Comming from a Cisco background, SAT was always use to redirect a source port to an internal private port for secure communication.

Eg, port 223 from WAN IP to port 22 on SSH linux box.

NAT however, is used for Port Overload reasons, in other words, you NAT the inside and outside interfaces so it can translate the private address to a public address with a dynamic source port.

Is this the same concept for DFL-800? I am just seeing how the previous employee set this up, and count me as confused.

He has the following RULES to get SMTP traffic through to the exchange server.

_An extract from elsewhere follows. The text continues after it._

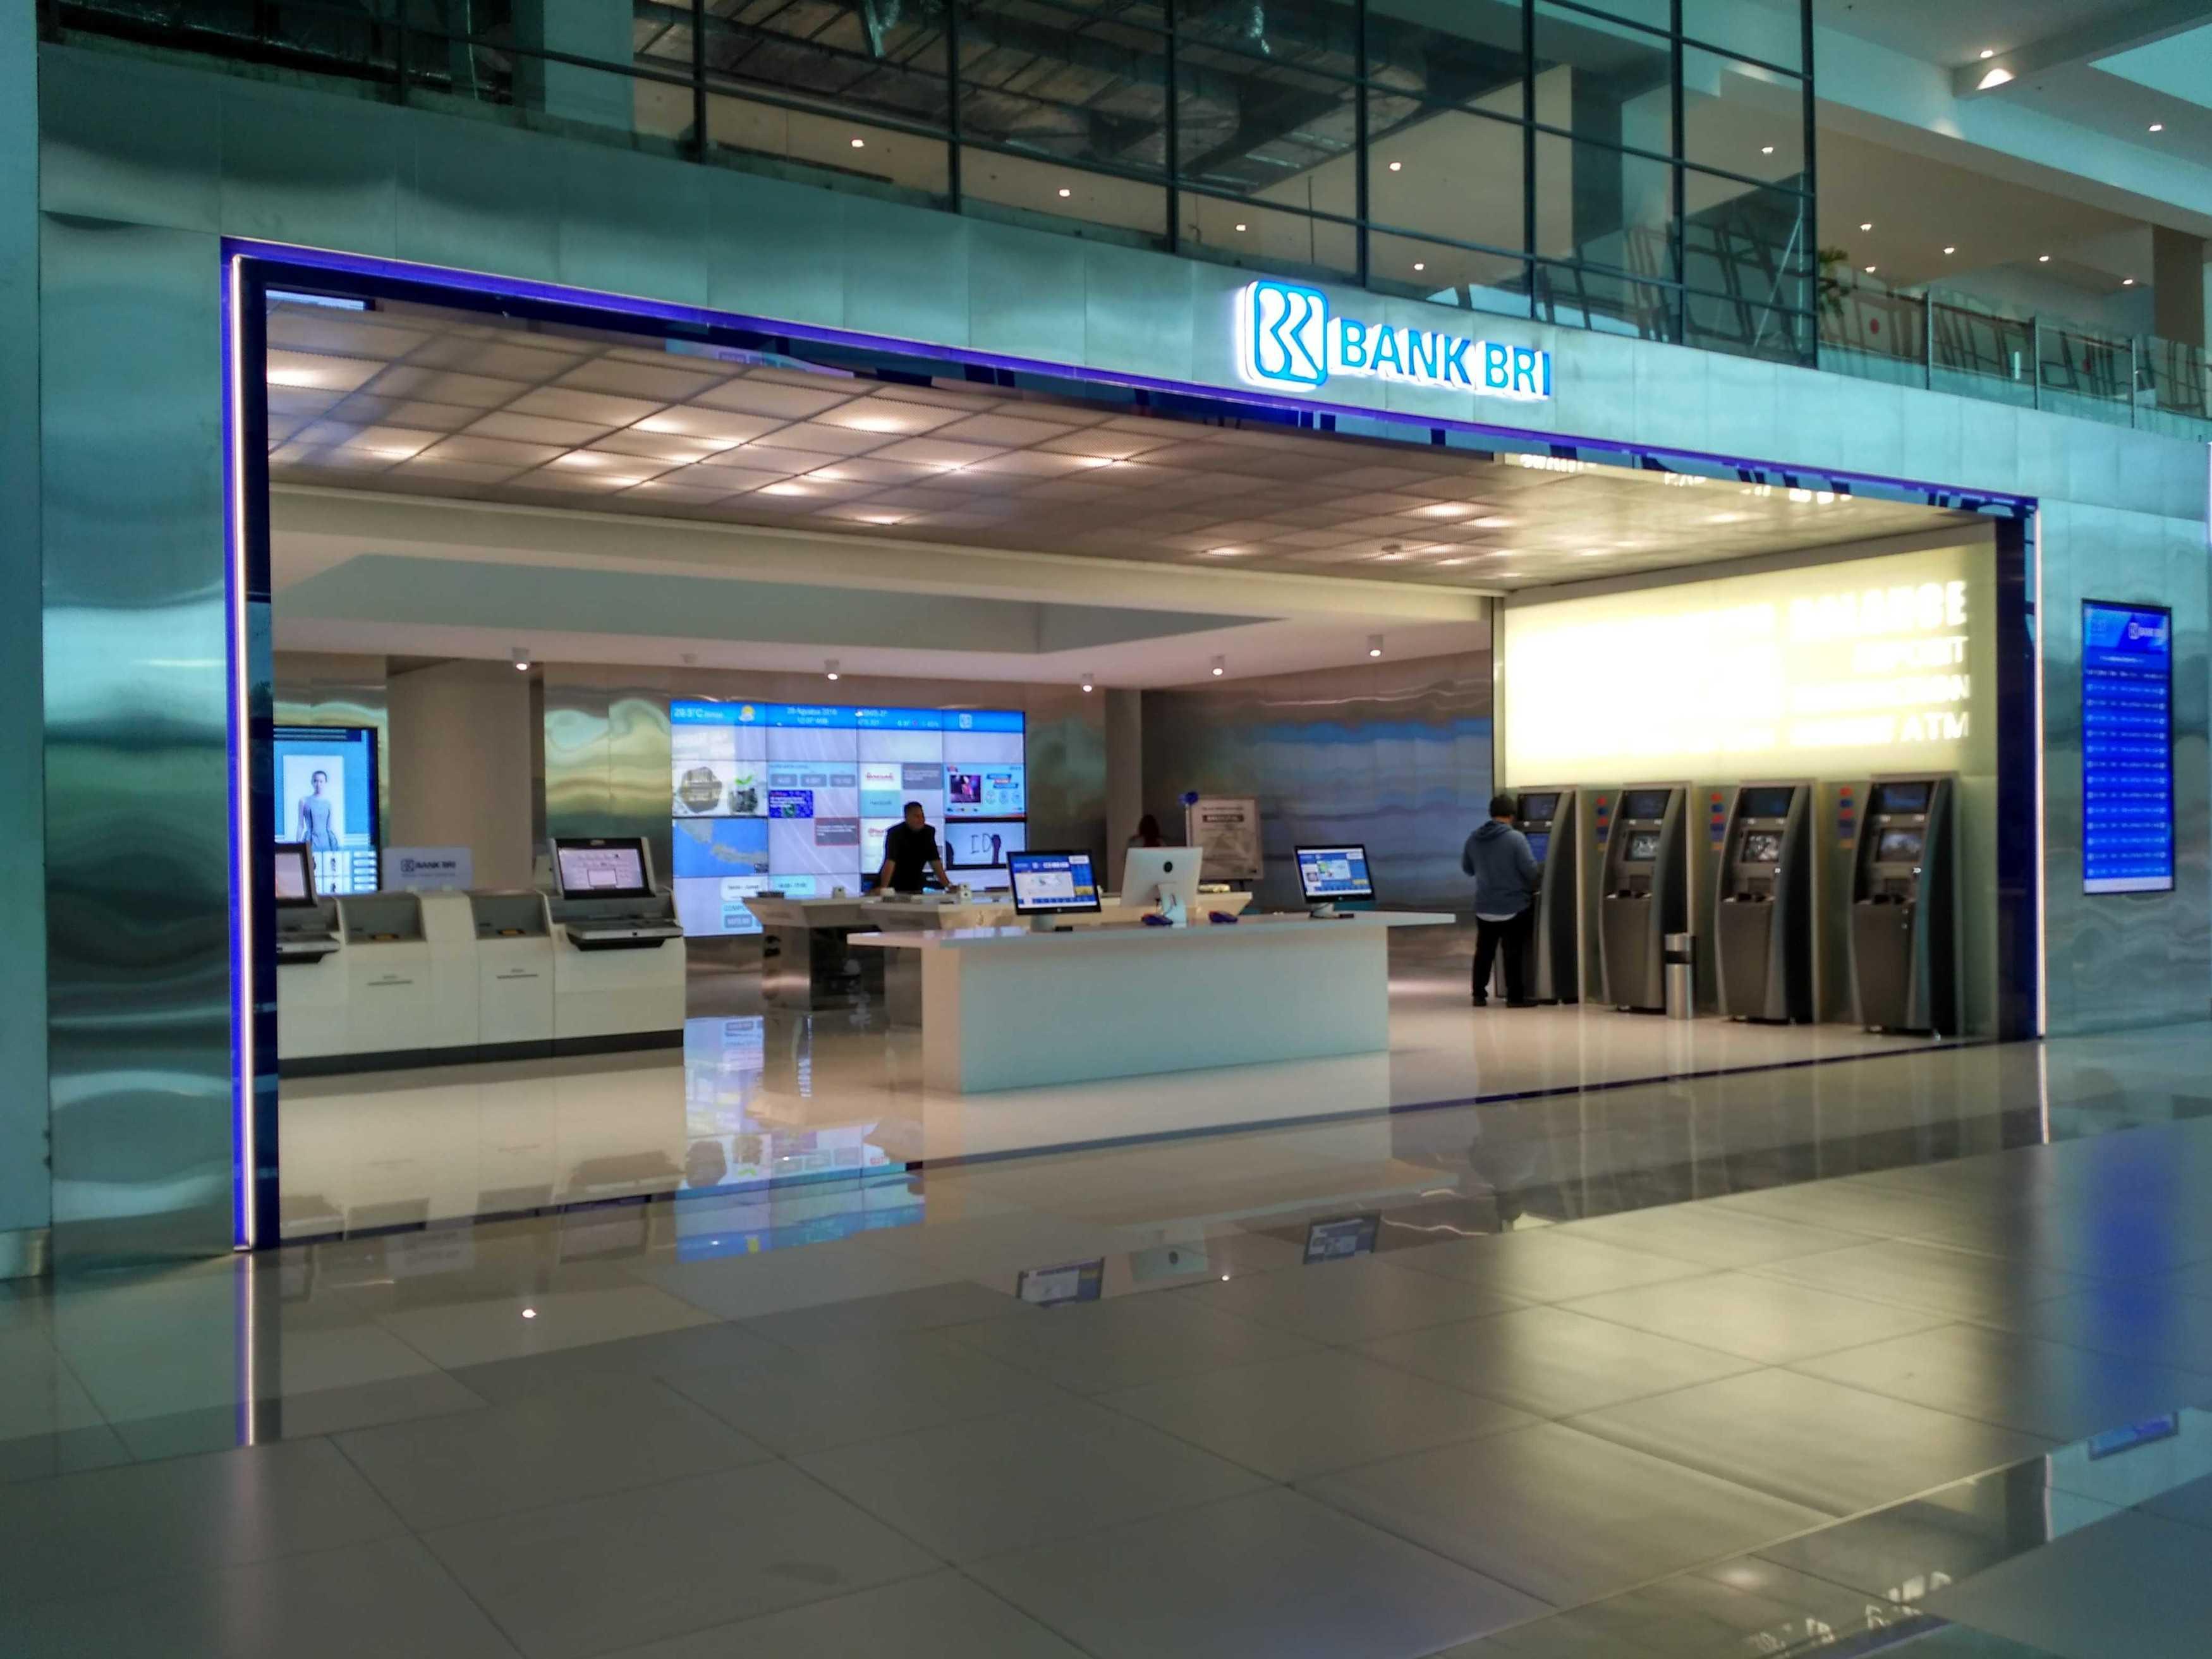 Axon90 The Design Hub Bri Digital Bank Terminal 3 Ultimate, Soekarno Hatta Bandara, Cengkareng Terminal 3 Ultimate, Soekarno Hatta Bandara, Cengkareng Front View Modern  9765
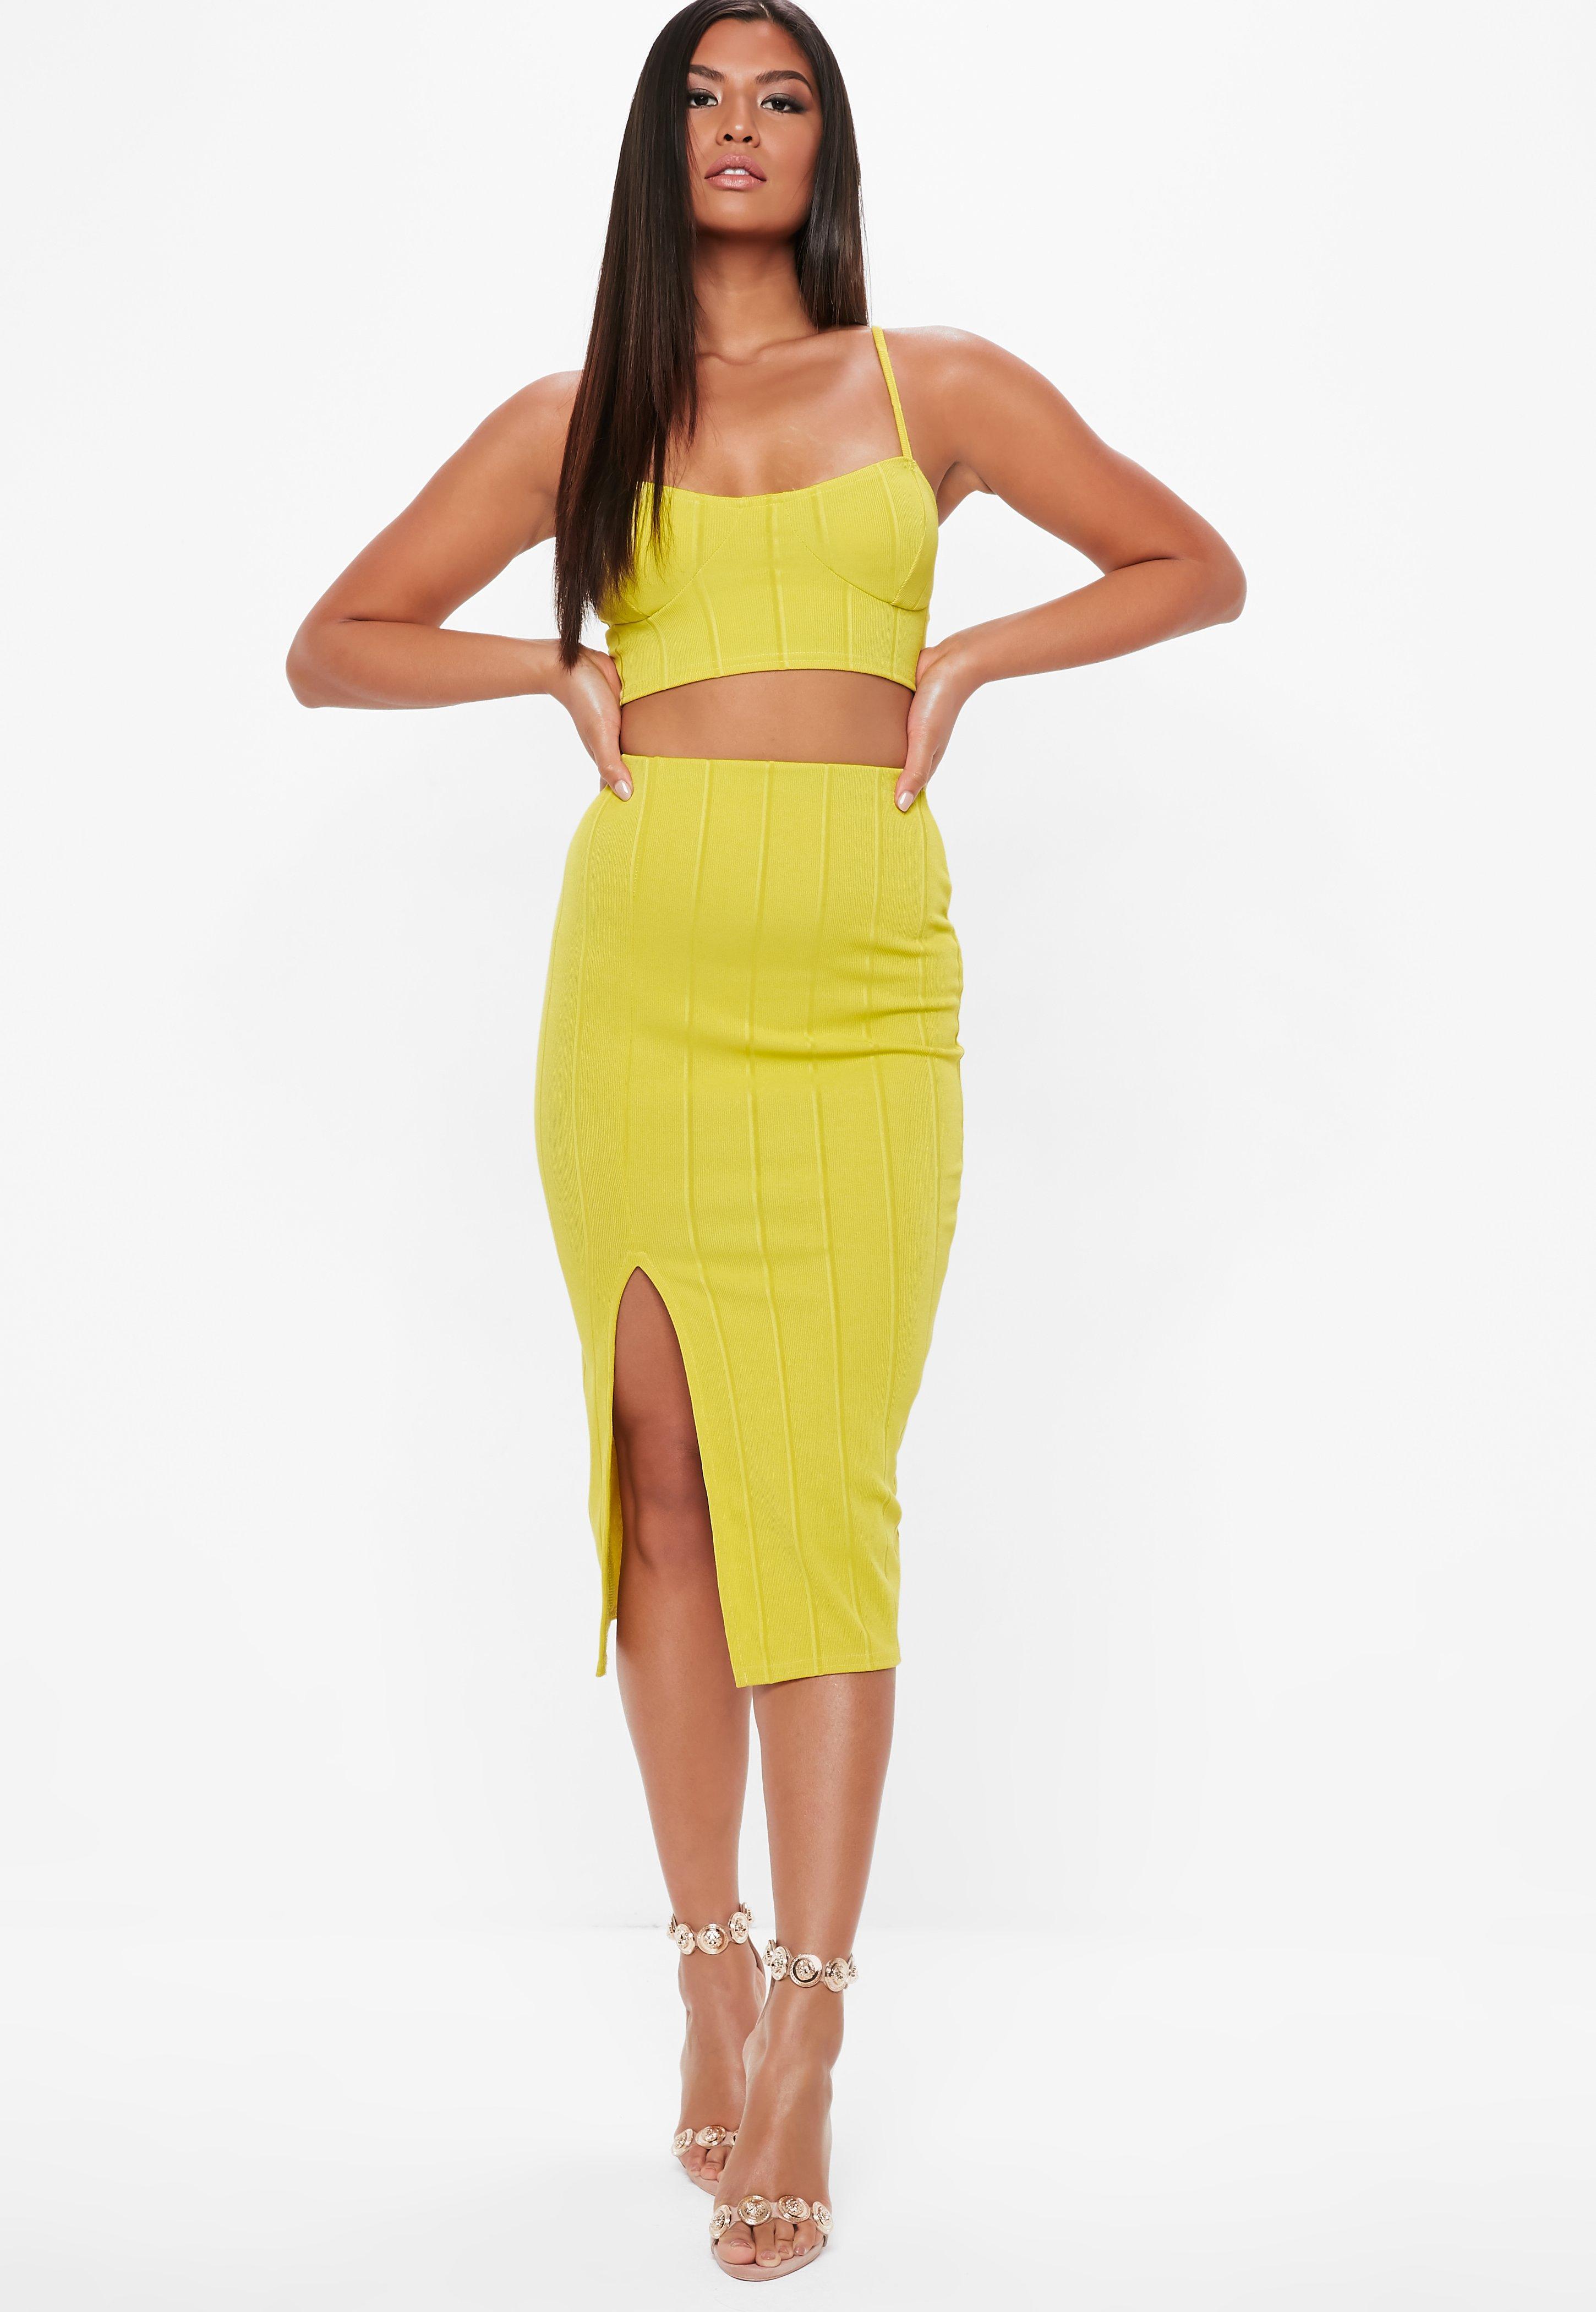 Discount Footlocker Outlet Good Selling Missguided Bandage Side Split Midi Skirt Visit New Cheap Online Buy Cheap Price r7ZlzhIX

1  SAT_mail    SAT  lan    lannet                  wan2  mail_wan2_ip  all_services
2  NAT_mail    NAT  lan    lannet                  wan2  mail_wan2_ip  all_services
3  SAT_smtp   SAT  any  smtp_trustedhosts  wan2  mail_wan2_ip  smtp-in
4  NAT_smtp   NAT  any  smtp_trustedhosts  wan2  mail_wan2_ip  smtp-in
5  allow_smtp Allow  any  smtp_trustedhosts  wan2  mail_wan2_ip  smtp-in

I don't understand why all these rules are needed just to route SMTP mail from the outside to the inside. Why does it need a SAT rule, then a NAT rule, and then an ALLOW rule?

If someone can please explain this that will be great.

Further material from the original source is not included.